The Pressure Is on to Make Richer Wearables
On 12 November, Texas-based Fossil — a leading maker of watches, jewellery, handbags and other style accessories — announced its agreement to acquire Misfit Wearables for $260 million. Misfit was founded in 2011 and is a privately held maker of activity trackers, sleep monitors and connected light bulbs. Fossil expects the deal to be completed by the end of 2015, subject to customary closing conditions and regulatory approval.
CCS Insight’s estimates suggest that Misfit is the fourth-largest manufacturer of quantified self devices in the world. It has a particularly strong position in China, but competitive pressure from the top three players — Fitbit, Xiaomi and Jawbone — is making it difficult to gain more share.
Our worldwide market forecast for wearables expects that quantified self devices, including fitness and activity trackers, will account for 57 percent of all wearables sold in 2015, and will continue to account for more than half of the wearables market volume until 2019.
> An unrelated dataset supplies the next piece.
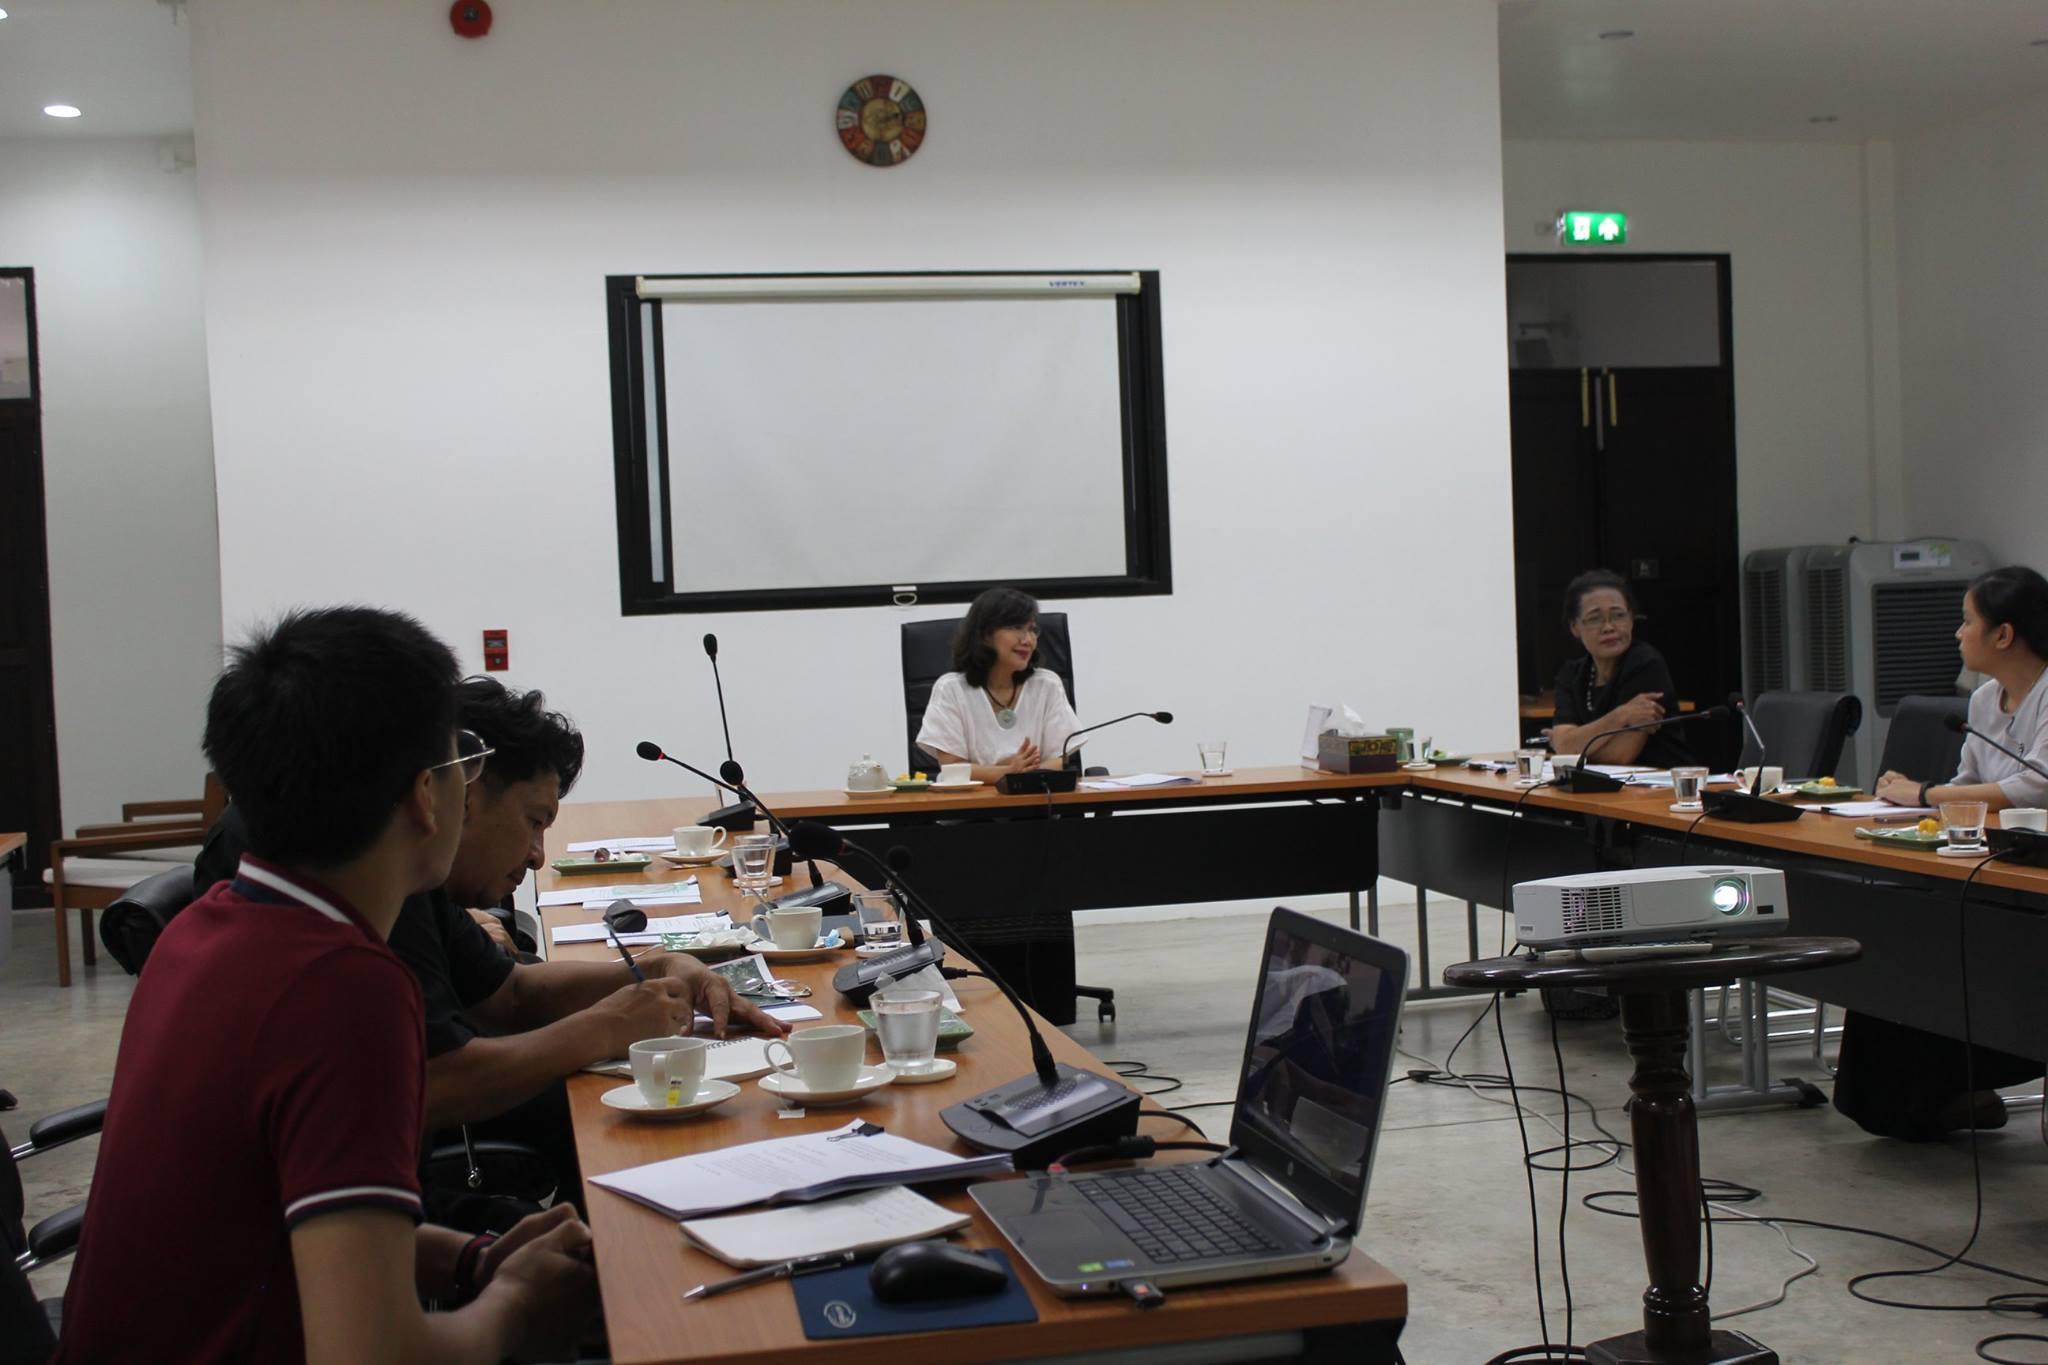 ประชุมคณะกรรมการตรวจรับพัสดุในโครงการอนุรักษ์หลองข้าวป่าซาง จังหวัดลำพูน ครั้งที่ 4/2560 เมื่อวันที่ 29 มิถุนายน 2560

The acquisition was announced by Fossil alongside its 3Q15 report. Fossil’s results and forward guidance disappointed investors, causing the company’s shares to decline more than 15 percent in extended-hours trading. It posted net quarterly income of $57.5 million, compared with $103.7 million in the third quarter of 2014, and revenue fell to $771.3 million from $894.5 million a year ago. The company’s management referred to the current environment for its product line as “challenging”.
Fossil reports sales of more than 50 million watches and accessories per year, and has recently unveiled a set of wearable devices including fitness bands and smartwatches (see Instant Insight: Fossil Announces Fossil Q Line of Wearable Devices). The acquisition of Misfit will enable even more of Fossil’s products to become connected. The initial focus of connectivity will be on watches, but Fossil says that its portfolio of accessories will also become connected — a reference to the Internet of Things. Fossil will utilise Misfit’s existing cloud-based platform, device applications, intellectual property rights and talent pool to expand further into wearables and connectivity.
In addition to its own-branded watches, Fossil manufactures devices using leading style names including Adidas, Burberry, Diesel, DKNY, Emporio Armani and Michael Kors, and these could also benefit from Misfit’s platform.
CCS Insight believes that the introduction of the Apple Watch was a key incentive for the acquisition, as the device puts pressure on the makers of traditional watches. CCS Insight’s recently released wearables survey indicated high consumer awareness of the Apple Watch, which had leaped ahead to define the product segment. The survey outlines, unsurprisingly, that Apple has the lead in wearables mindshare.
CCS Insight had predicted more deals and partnerships among makers of wearables and watches (see Instant Insight: Baselworld 2015, for example). A series of acquisitions earlier in 2015 included moves by Adidas (which acquired app maker Runtastic), Amer Sports (which acquired Sports Tracker) and Under Armour (which acquired Endomondo, MapMyFitness and MyFitnessPal).
We see Fossil’s acquisition of Misfit as a smart move that should support Fossil’s transition into connected things. The company will continue to face challenges as the market for watches shifts into smart devices and centres on ecosystems from Apple and Google, but Fossil’s own-brand portfolio and array of top partners provides it with a strong chance of staying relevant.